• [Problem requirements]:
From the entries below, retype only the lines from the one with "Mr. & Mrs. Panda" through the one with "The Château du", exactly as written.

• [Stored items from a collection]:
****
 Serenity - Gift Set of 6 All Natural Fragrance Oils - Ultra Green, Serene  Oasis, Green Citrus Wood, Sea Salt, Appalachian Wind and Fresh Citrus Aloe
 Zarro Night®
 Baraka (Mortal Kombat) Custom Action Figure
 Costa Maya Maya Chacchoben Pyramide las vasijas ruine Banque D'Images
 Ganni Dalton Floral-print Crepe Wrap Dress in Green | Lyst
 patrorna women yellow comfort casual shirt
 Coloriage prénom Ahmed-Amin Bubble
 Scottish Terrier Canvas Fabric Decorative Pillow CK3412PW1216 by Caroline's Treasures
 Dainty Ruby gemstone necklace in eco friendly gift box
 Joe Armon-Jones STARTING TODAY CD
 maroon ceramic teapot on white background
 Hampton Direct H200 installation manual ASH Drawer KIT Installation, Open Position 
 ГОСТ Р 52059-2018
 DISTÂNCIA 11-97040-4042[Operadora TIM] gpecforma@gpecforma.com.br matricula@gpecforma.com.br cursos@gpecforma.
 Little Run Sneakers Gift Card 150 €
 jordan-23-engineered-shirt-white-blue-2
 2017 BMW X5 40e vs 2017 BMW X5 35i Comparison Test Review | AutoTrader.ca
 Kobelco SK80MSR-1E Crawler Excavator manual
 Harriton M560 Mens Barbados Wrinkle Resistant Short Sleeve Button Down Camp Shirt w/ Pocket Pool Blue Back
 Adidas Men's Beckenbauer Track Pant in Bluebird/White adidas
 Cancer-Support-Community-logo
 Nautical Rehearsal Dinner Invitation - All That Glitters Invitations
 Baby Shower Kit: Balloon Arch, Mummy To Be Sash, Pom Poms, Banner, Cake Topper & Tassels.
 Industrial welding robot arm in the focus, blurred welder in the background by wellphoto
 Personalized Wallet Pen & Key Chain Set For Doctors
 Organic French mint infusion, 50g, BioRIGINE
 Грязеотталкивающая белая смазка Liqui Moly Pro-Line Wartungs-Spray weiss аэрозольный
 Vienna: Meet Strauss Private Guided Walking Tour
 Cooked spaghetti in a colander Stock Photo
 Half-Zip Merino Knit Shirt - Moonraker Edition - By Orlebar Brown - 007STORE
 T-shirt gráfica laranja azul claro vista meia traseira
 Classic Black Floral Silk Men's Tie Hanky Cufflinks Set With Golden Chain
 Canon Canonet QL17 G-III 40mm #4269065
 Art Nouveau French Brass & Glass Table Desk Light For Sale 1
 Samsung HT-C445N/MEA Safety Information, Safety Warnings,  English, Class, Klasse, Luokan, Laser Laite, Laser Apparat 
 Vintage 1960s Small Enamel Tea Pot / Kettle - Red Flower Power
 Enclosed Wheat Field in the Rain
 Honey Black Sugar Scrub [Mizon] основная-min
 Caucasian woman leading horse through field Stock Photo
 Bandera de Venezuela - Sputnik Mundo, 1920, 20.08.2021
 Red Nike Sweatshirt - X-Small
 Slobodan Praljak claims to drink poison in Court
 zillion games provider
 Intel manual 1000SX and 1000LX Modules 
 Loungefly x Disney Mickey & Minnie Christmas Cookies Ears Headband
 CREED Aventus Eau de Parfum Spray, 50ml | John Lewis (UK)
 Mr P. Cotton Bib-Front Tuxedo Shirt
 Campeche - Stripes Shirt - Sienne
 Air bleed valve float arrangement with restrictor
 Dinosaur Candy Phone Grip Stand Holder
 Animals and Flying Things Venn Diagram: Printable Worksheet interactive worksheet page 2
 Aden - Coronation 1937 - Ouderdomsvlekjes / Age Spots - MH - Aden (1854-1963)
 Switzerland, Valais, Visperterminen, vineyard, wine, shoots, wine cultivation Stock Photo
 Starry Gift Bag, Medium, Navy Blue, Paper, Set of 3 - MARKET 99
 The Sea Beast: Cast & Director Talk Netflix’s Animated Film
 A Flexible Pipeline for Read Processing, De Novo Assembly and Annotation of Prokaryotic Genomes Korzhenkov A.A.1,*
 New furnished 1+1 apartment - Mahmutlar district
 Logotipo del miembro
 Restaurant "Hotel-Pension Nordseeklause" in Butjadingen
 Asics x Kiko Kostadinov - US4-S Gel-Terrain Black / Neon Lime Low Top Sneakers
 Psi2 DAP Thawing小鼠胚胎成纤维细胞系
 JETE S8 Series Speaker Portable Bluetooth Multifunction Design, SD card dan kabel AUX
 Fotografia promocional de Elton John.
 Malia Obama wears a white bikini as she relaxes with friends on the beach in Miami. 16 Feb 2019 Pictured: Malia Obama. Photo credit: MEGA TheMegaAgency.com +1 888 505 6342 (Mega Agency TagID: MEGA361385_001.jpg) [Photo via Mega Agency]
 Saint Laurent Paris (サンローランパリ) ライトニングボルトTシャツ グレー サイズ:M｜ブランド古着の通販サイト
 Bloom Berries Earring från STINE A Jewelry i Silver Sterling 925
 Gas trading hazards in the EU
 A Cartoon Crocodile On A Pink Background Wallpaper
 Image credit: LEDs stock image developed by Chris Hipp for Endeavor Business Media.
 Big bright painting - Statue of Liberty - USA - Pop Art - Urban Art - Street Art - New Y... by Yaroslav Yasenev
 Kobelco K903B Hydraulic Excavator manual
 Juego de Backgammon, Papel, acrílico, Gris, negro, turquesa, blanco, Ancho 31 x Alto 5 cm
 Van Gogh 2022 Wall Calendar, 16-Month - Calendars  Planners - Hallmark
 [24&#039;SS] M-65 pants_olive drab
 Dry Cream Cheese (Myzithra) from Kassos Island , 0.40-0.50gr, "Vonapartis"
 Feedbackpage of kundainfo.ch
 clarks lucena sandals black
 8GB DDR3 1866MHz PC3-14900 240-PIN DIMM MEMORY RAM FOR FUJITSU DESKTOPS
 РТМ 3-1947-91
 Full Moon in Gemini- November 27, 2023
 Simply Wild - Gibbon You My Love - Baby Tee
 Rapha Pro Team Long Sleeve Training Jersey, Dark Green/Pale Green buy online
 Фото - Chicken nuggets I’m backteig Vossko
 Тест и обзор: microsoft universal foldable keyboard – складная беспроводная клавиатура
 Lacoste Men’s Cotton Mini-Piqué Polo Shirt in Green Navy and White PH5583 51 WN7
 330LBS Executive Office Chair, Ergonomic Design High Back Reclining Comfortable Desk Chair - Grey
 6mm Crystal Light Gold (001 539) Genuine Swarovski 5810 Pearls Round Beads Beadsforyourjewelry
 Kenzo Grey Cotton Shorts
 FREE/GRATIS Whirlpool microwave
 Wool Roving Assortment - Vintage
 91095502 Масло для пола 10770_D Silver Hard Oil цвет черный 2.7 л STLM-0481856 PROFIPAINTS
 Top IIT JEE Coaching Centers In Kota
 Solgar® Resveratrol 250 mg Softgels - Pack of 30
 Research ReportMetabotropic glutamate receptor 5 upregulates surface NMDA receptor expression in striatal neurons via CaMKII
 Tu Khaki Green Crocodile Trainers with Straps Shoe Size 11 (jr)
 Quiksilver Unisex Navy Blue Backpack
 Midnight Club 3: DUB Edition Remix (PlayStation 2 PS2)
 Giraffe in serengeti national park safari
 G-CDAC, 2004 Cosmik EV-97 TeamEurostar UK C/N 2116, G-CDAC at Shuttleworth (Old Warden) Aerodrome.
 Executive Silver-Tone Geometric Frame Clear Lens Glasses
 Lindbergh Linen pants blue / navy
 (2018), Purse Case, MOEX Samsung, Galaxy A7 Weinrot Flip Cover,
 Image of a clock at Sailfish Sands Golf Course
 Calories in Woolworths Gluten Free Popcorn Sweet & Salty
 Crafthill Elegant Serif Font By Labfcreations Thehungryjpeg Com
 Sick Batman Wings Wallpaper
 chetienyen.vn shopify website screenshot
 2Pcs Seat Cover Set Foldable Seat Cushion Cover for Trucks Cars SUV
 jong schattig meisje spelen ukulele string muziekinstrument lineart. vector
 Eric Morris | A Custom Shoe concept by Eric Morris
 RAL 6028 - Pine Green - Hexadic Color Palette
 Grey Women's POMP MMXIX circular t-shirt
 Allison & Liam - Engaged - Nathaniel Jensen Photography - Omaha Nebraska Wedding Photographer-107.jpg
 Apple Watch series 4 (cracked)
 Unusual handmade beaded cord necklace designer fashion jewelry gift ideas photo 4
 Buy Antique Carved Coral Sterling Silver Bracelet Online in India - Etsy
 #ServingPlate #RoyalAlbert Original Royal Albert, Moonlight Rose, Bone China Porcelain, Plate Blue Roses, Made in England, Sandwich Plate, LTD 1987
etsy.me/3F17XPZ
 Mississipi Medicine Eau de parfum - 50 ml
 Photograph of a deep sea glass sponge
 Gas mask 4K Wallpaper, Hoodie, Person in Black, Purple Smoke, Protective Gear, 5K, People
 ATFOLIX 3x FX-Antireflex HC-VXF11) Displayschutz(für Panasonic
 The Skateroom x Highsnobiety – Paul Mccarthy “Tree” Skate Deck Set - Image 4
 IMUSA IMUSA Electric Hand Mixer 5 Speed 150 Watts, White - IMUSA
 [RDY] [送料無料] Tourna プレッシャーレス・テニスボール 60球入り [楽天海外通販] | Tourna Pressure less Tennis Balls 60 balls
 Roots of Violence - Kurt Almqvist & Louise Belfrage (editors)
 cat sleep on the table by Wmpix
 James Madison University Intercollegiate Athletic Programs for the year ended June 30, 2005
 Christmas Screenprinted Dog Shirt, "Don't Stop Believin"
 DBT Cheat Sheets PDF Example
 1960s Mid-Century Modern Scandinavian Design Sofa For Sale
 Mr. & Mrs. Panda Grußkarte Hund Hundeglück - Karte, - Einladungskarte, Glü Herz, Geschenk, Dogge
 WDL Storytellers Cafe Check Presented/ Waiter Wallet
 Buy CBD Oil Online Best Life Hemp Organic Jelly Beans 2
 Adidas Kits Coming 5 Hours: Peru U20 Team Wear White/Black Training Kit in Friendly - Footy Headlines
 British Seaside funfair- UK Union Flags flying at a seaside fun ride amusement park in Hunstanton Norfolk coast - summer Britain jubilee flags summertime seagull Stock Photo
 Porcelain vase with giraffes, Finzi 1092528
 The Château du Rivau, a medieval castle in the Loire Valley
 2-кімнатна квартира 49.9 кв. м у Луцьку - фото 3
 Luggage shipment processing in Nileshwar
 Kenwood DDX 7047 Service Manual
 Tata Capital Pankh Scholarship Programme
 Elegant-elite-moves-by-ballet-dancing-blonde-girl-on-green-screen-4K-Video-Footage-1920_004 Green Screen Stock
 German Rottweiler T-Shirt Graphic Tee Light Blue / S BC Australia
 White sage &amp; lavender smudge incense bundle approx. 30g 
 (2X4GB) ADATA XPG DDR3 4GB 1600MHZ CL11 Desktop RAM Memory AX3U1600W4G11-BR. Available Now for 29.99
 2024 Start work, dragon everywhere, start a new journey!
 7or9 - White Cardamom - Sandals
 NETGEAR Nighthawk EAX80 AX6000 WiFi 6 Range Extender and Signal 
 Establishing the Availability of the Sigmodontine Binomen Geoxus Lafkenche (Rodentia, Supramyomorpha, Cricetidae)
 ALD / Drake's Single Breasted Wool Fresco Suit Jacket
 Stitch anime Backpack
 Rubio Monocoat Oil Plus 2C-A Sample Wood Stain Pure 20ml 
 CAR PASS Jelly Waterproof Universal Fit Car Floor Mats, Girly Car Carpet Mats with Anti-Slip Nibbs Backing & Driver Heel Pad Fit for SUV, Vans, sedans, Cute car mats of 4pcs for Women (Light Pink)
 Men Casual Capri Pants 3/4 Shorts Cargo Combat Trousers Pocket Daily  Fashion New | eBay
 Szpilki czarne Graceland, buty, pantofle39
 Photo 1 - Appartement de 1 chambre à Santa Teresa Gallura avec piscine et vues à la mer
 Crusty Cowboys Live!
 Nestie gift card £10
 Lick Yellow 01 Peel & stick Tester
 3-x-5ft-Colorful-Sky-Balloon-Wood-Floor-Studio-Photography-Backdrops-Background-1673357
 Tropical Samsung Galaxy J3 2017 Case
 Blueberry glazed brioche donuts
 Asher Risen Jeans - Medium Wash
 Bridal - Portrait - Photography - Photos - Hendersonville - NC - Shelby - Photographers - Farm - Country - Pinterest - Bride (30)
****
• [Task result]:
 Mr. & Mrs. Panda Grußkarte Hund Hundeglück - Karte, - Einladungskarte, Glü Herz, Geschenk, Dogge
 WDL Storytellers Cafe Check Presented/ Waiter Wallet
 Buy CBD Oil Online Best Life Hemp Organic Jelly Beans 2
 Adidas Kits Coming 5 Hours: Peru U20 Team Wear White/Black Training Kit in Friendly - Footy Headlines
 British Seaside funfair- UK Union Flags flying at a seaside fun ride amusement park in Hunstanton Norfolk coast - summer Britain jubilee flags summertime seagull Stock Photo
 Porcelain vase with giraffes, Finzi 1092528
 The Château du Rivau, a medieval castle in the Loire Valley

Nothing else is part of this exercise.